OLG Hamm v. 15.03.2011:
Solange die Verwarnung noch nicht nach § 56 Abs. 2 Satz 1 OWiG durch Zahlung des Verwarnungsgeldes wirksam geworden ist, kann die Verwaltungsbehörde statt des Verwarnungsverfahrens ein Bußgeldverfahren einleiten. Auf den Grund für die unterbliebene Zahlung des Verwarnungsgeldes kommt es nicht an.

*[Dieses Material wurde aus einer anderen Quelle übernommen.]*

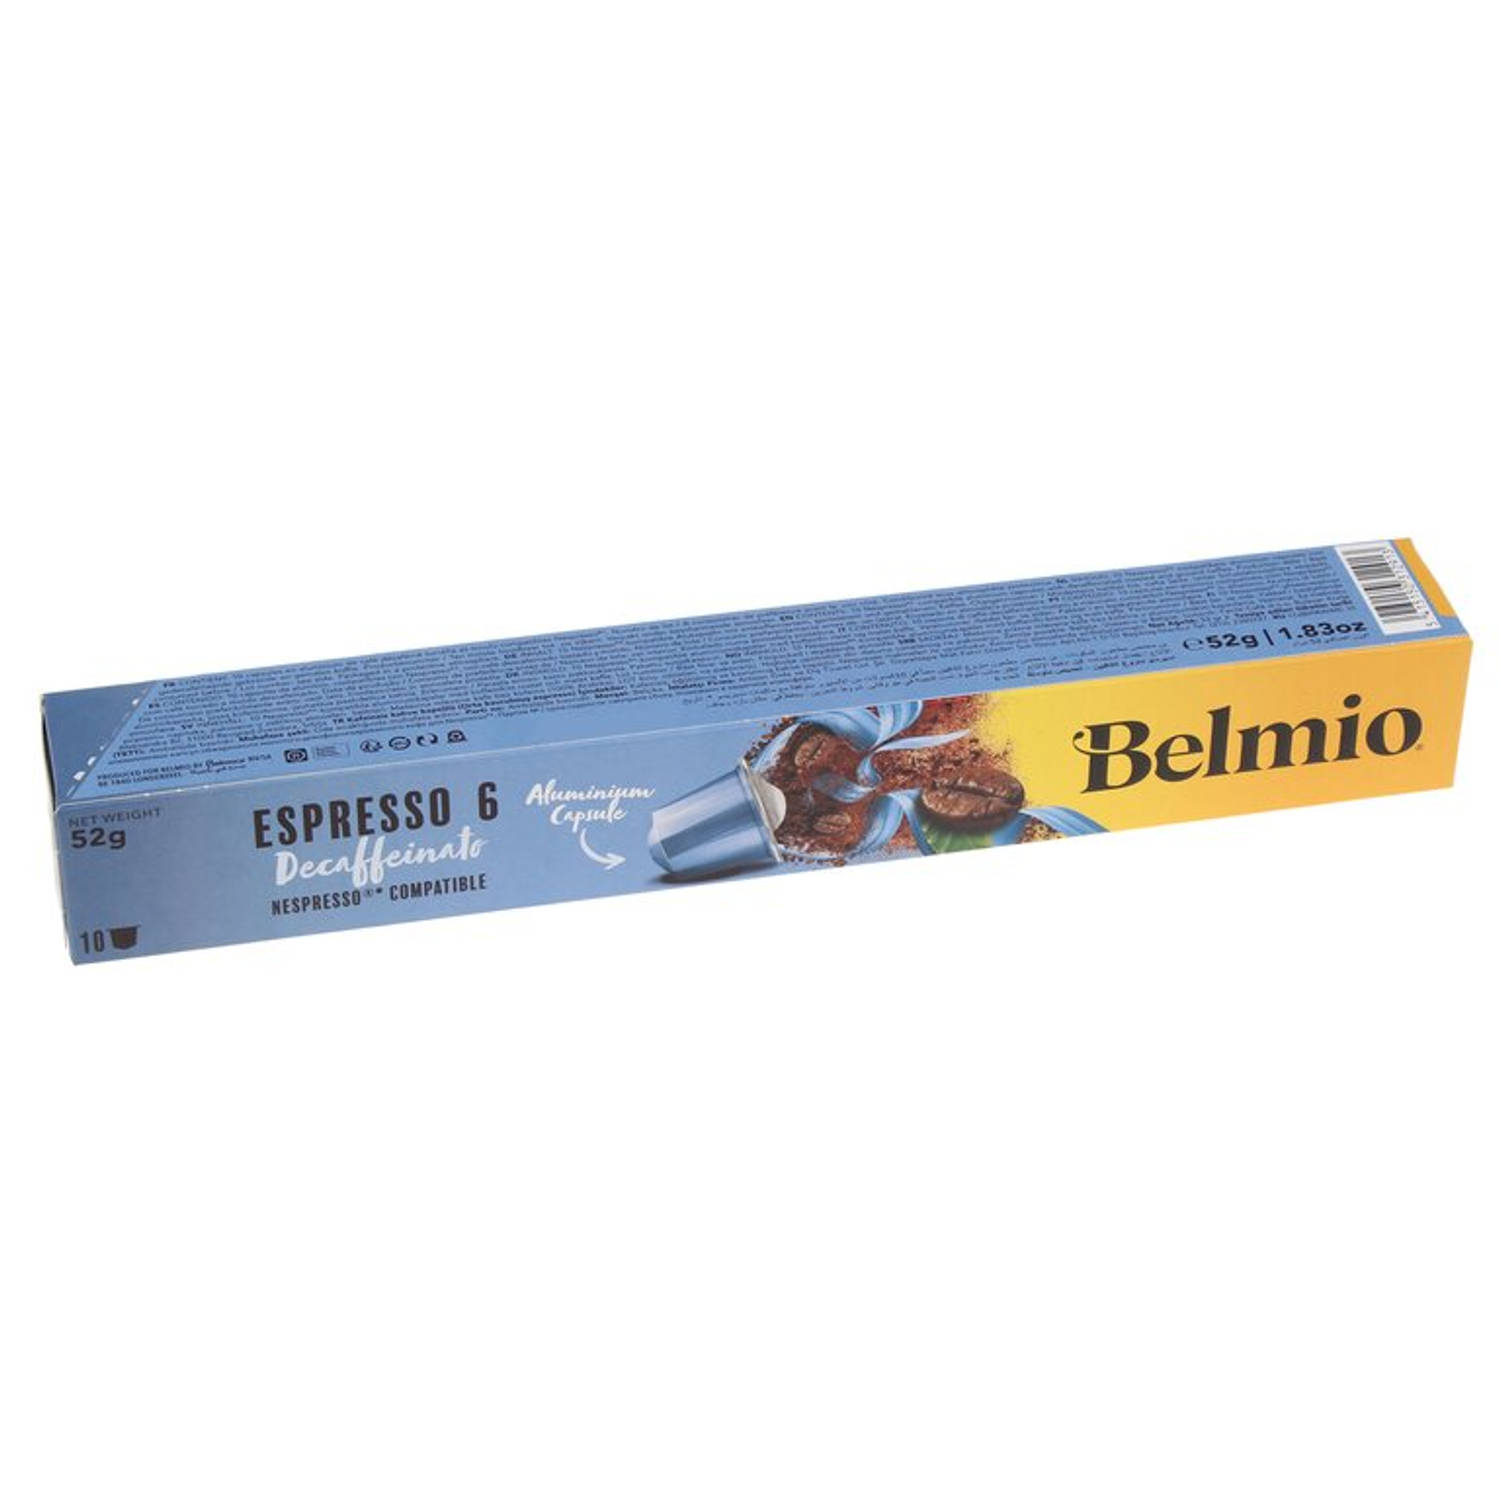 Belmio koffie capsules Nespresso Espresso Decaf 10 stuks online kopen
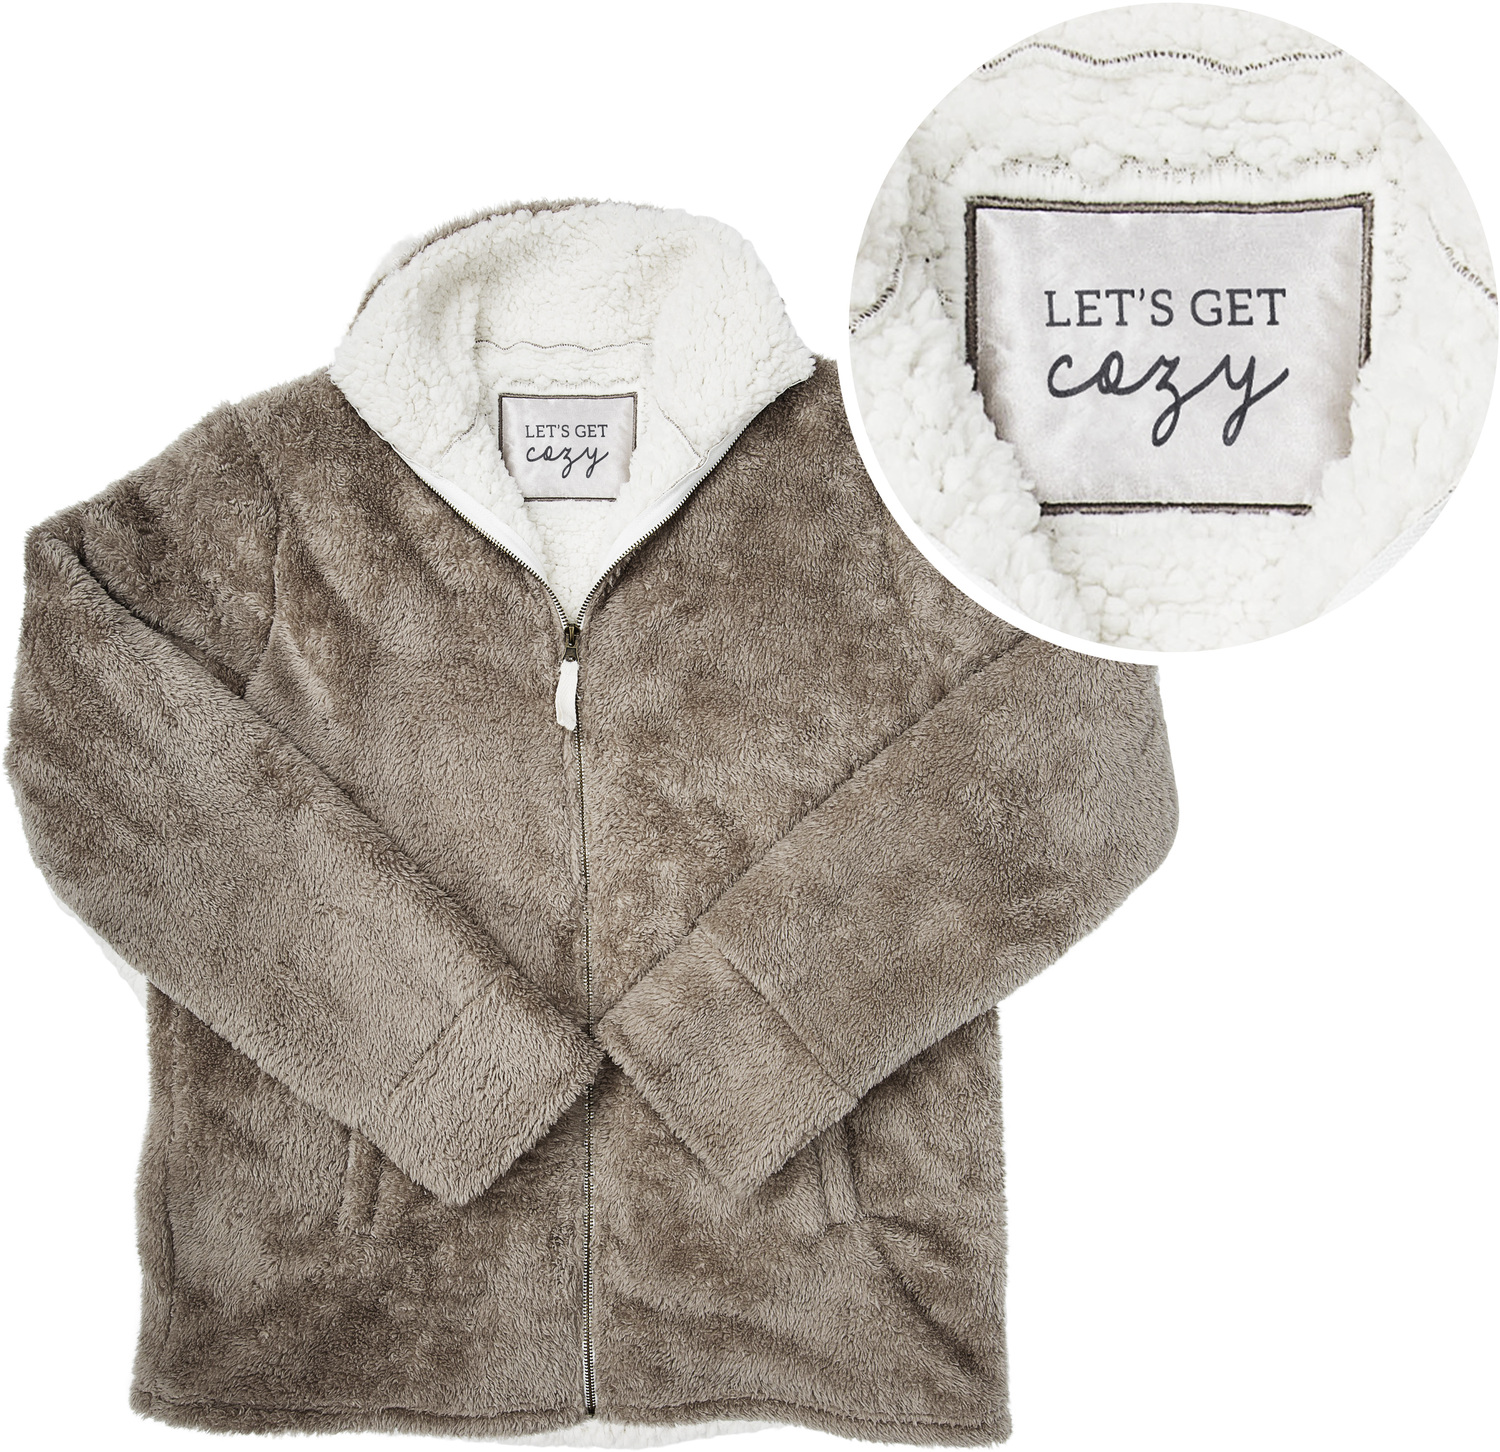 Cozy by Comfort Collection - Cozy - S/M Unisex Fleece Full Zip Sweatshirt

OVG Münster v. 05.06.2013:
Der tatsächliche Zugang einer Verwarnung nach § 2a Abs. 2 Satz 1 Nr. 2 StVG an den Inhaber einer Fahrerlaubnis auf Probe kann auch aus Umständen außerhalb der Postzustellungsurkunde abgeleitet werden. Das ist etwa dann der Fall, wenn die im Verwarnungsschreiben festgesetzte Verwaltungsgebühr durch eine dem Fahrerlaubnisinhaber nahestehende Person beglichen worden ist.
AG Landstuhl v. 11.05.2021:
Ein Verkehrsverstoß eines Polizeibeamten während einer Dienstfahrt außerhalb von § 35 StVO rechtfertigt nicht die Annahme eines atypischen Falles, der lediglich mit einem Verwarnungsgeld zu ahnden wäre.
AG Straubing v. 23.08.2021:
Eine Scheibenwischerverwarnung stellt im Falle eines Parkverstoßes keine Anhörung des Halters dar.
AG Kehl v. 07.05.2008:
„Widerspricht“ der Betroffene einem Verwarngeldbescheid der Verwaltungsbehörde, so kann dieser „Widerspruch“ nicht in einen zulässigen Einspruch gegen den später ergangenen Bußgeldbescheid umgedeutet werden, selbst wenn dieser „Widerspruch“ nach Erlass des Bußgeldbescheides bei der Verwaltungsbehörde eingeht und aus ihm hervorgeht, dass sich der Betroffene kategorisch gegen den Vorwurf wehrt. Ein derartiges Schreiben ist nur dann als Einspruch anzuerkennen, wenn – gegebenenfalls nach Auslegung unter Berücksichtigung der Verfahrensgeschichte – ein Bezug zum Bußgeldbescheid hergestellt werden kann. Daran fehlt es, wenn sich das Schreiben eindeutig und allein auf eine andere Äußerung oder Entscheidung der Verwaltungsbehörde (hier Verwarngeldbescheid) bezieht.
OVG Münster v. 11.04.2011:
Die Zahlung eines Verwarnungsgeldes unter einem materiellrechtlich begründeten Vorbehalt stellt das Vorliegen eines Einverständnisses im Sinne von § 56 Abs. 2 Satz 1 OWiG nicht in Frage.
AG Saalfeld v. 15.07.2005:
Die Verwarnung nach § 56 I 1 OWiG wird bei verspäteter Zahlung unwirksam. Eine Wiedereinsetzung in den vorigen Stand wegen der Fristversäumung gibt es nicht. Bei der Banküberweisung trägt der Betroffene das Risiko des rechtzeitigen Eingangs.
OLG Hamburg v. 15.03.2011:
Soll nur der im Bußgeldbescheid enthaltene Kostenansatz angegriffen werden, so ist nach § 108 Abs. 1 Satz 1 Nr. 3 OWiG der Antrag auf gerichtliche Entscheidung gemäß § 62 OWiG der richtige Rechtsbehelf.
FG Hamburg v. 1603.2010:
Eine Vollstreckung österreichischer Geldbußen wegen Nichtbenennung des Fahrers ist in der Bundesrepublik Deutschland (vorläufig) nicht möglich. Sie kann gegen verfassungsrechtliche Grundsätze, wie dem Verbot des Zwangs zur Selbstbezichtigung oder dem Schutz des Kernbereichs des Angehörigenverhältnisses, verstoßen. Dies gilt auch unter Berücksichtigung von Art. 6 EMRK und des Rahmenbeschlusses 2005/214/JI des Rates der Europäischen Union.